This year at Armadillo Con 31, I had the honor of meeting and chatting with James Frenkel, a senior editor with TOR Books. I did the usual polite introduction of myself, business card in hand, and told him that I hope to have a manuscript pass into his hands someday. He inquired about said manuscript and what my writing credentials were. I gave him a brief (10 second) description of the novel currently sitting on an agent’s desk and the one short story I had published at the time.
He looked at me and asked if I was still writing short stories. I said of course. He encouraged me to writing short stories. I thanked him for his advice and let other slavering individuals garner his attention.
His comment stuck in my mind. The week after the Con, I went back and reviewed all of the short stories I had written since I started. I read them in the order in which I wrote them. I noticed that there was a remarkable difference in the style and quality of writing between the oldest and the newest stories. THAT made me think. I started my novel at the same time I started my first short story. Like any newbie writer, I was sure that the novel was a good one, albeit targeted to a specific sub-genre (hard science space opera). I thought I might have trouble selling it, but all of the people who read it (twenty or so) really enjoyed it. When I met the agent, there was interest and I was asked to send the usual package. It’s been out with the agent for over three months; not a lot of time in the publishing industry.

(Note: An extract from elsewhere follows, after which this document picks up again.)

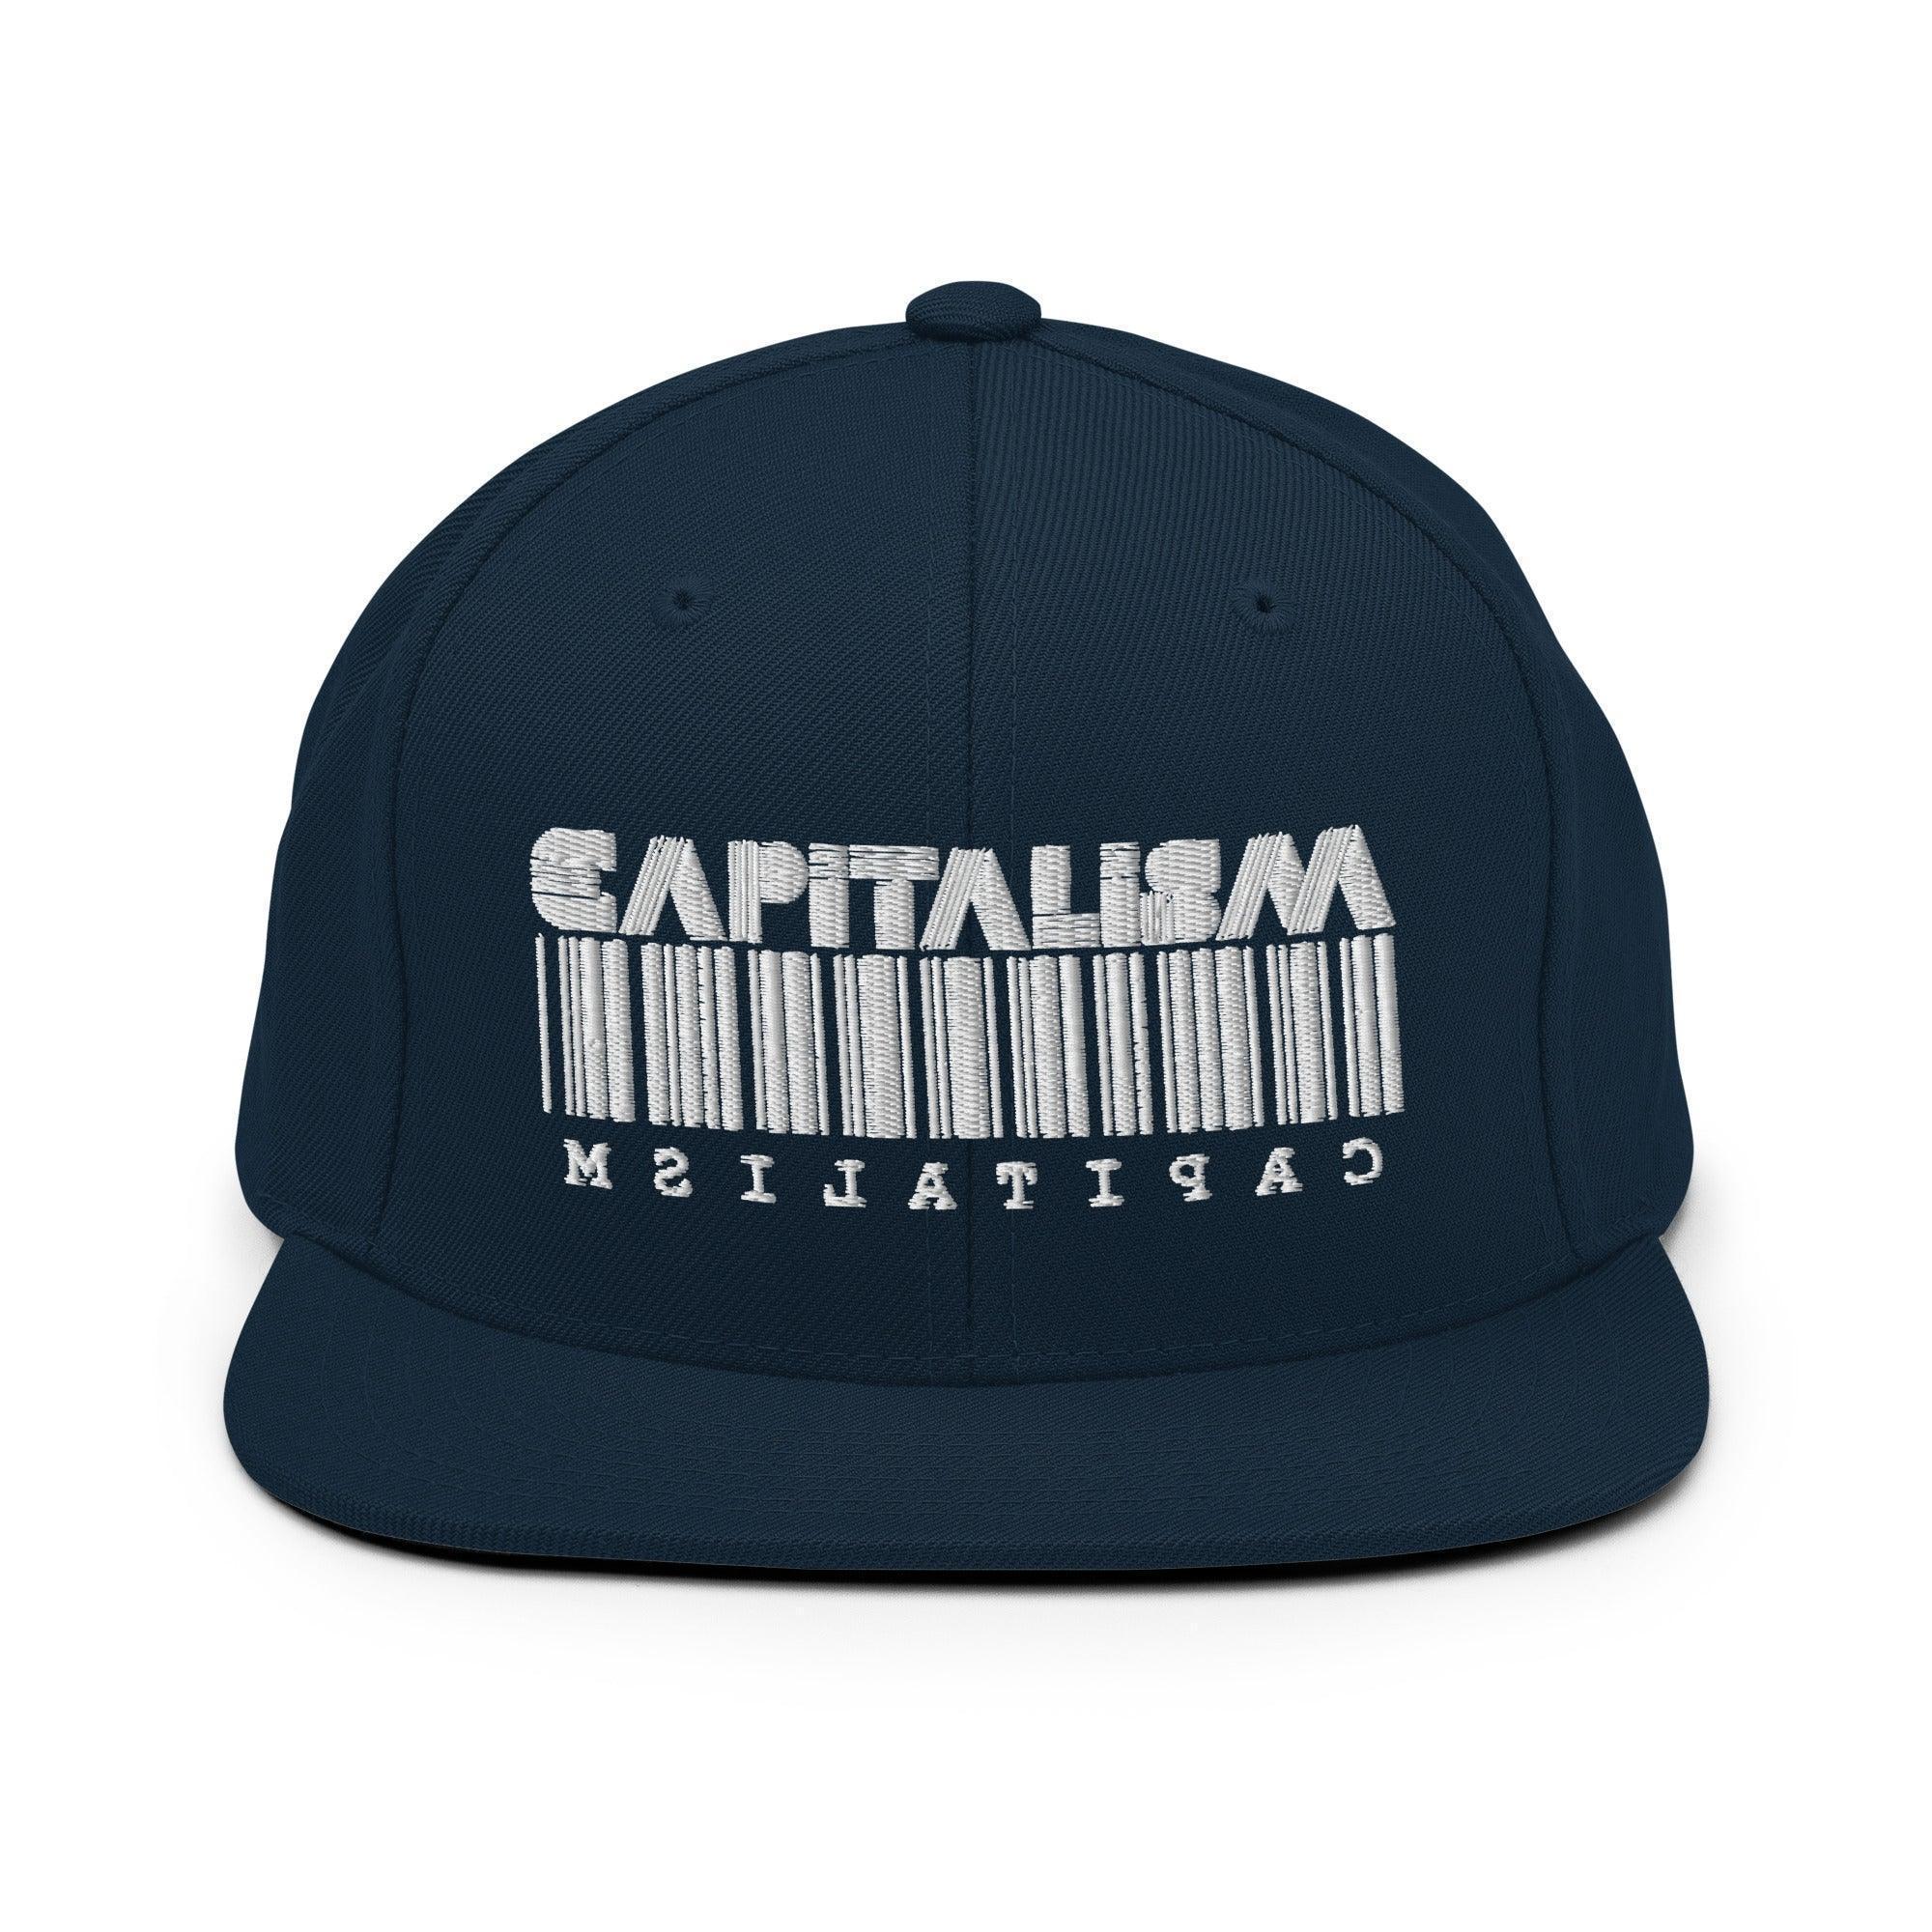 Capitalism Snapback Hat - InvestmenTees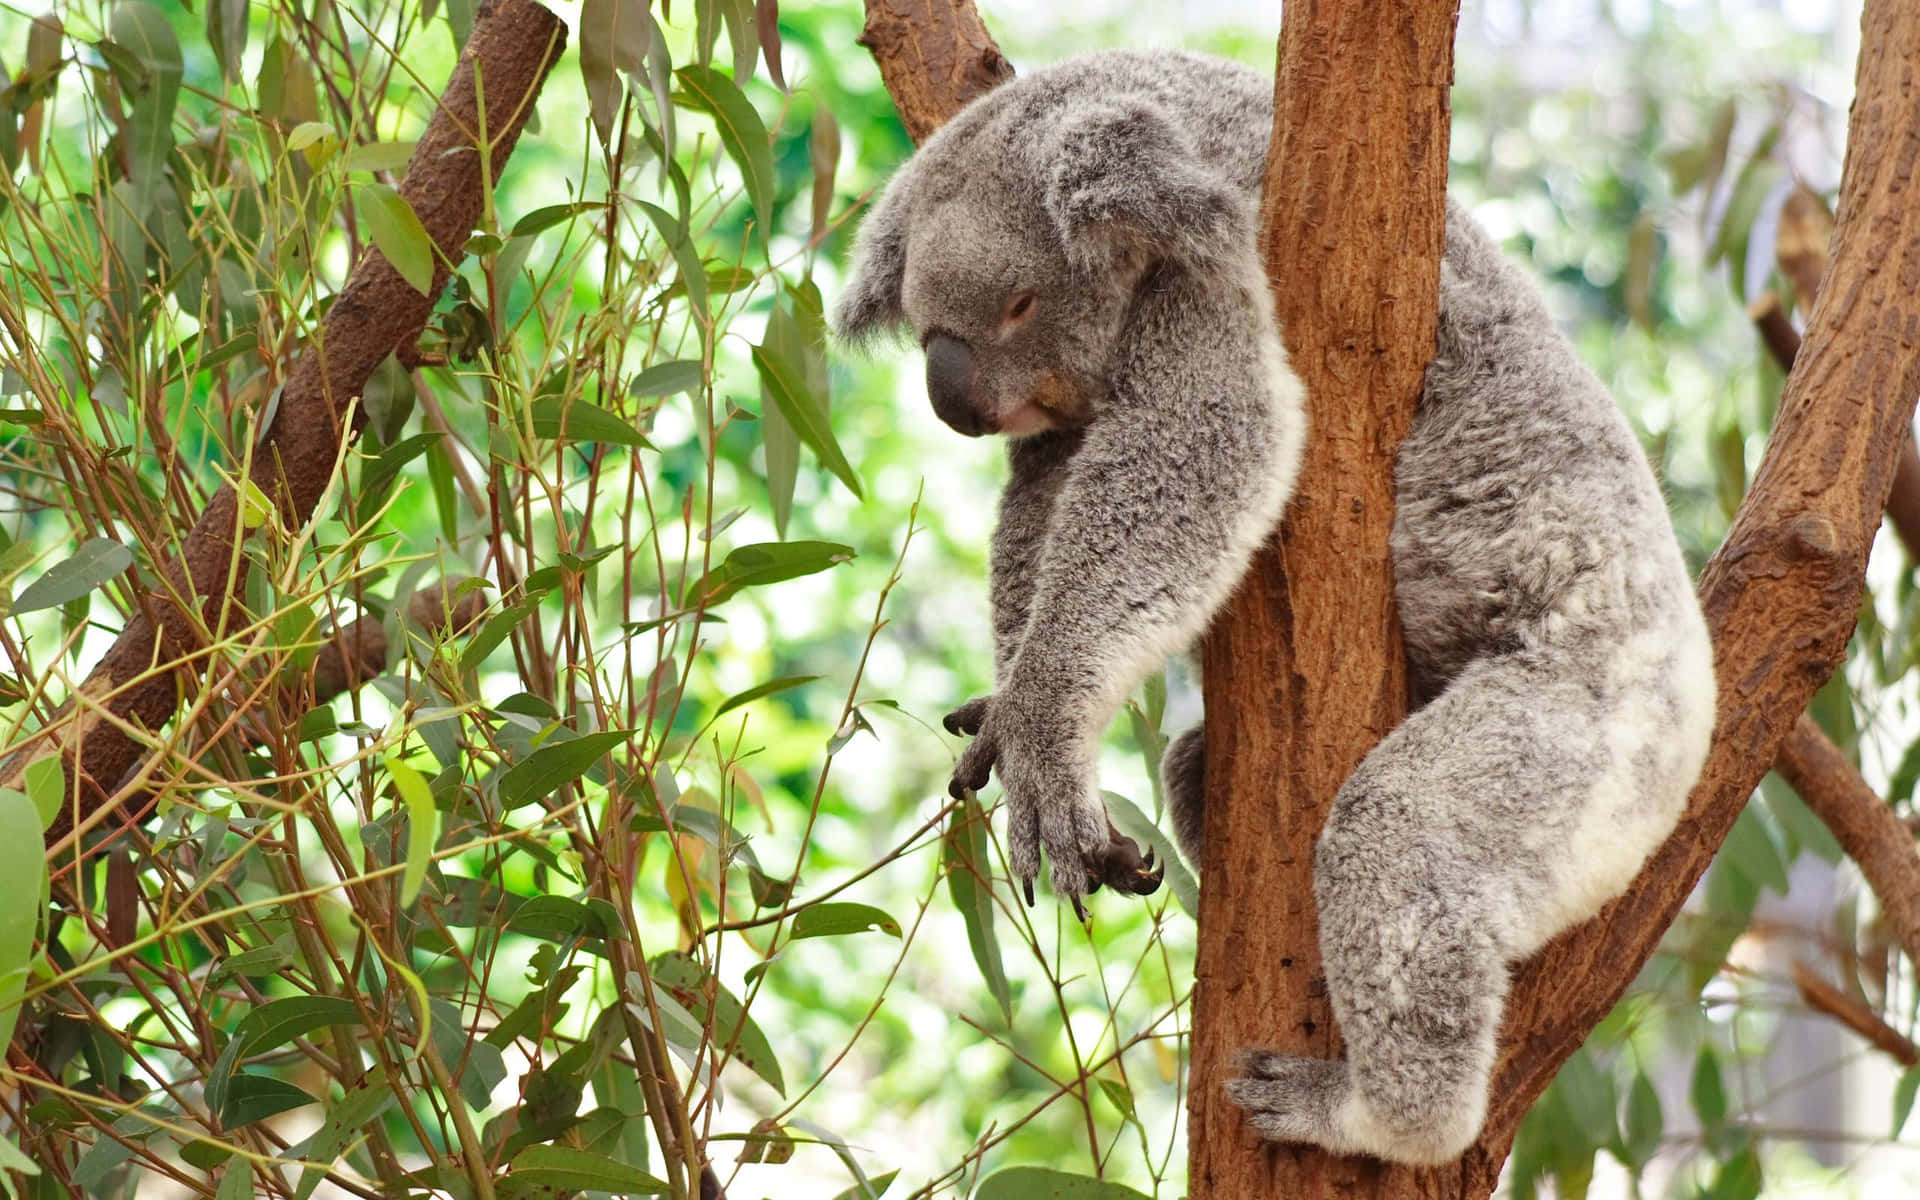 A Koala Enjoying Life in a Tree

But after reading my sequence of stories and the progression of my writing skills, I realized that Mr. Frenkel’s advice wasn’t just good, it was critical. No matter how good my novel was, if I started it today, it would be a much better novel. I had fallen for one of the worst pitfalls any new writer can succumb to: Thinking I was good at writing. Now, don’t get me wrong, I like my stories and my characters, but will everybody else?
What helped me most of all was getting involved in critique groups. In an earlier post, I said not to write in a vacuum. Let people who write also read your stories and tell you where things could be better. My two favorite critique groups are Critters.Org and the Slug Tribe. They are open, honest, fair and have a code that explains how to critique and not be nasty about it. One memeber of the Slug Tribe, Patrice Sarath, was teaching a Writer’s Workshop at the Armadillo Con. During a critique of a story I submitted, she gave me one piece of valuable advise that FINALLY got through my neutronium skull. My writing was good and my story was interesting, but my POV was all over the place and that ruined it for her.
When I started writing after the Con and Workshop, I focused on nothing but keeping the POV where it should be. (I tend to write like I think, and I am so all over the place!) The difference between these stories and my earlier ones was readily apparent. I was getting even better!!!
But I still have a long way to go. Jim Fenkel’s advice is what drives my writing now. Short stories are the pop quizzes of writing; you can get an immediate idea of where your skill set is while preparing to write your thesis.
So, thanks to Jim Frenkel and Patrice Sarath. You have been a great help to me!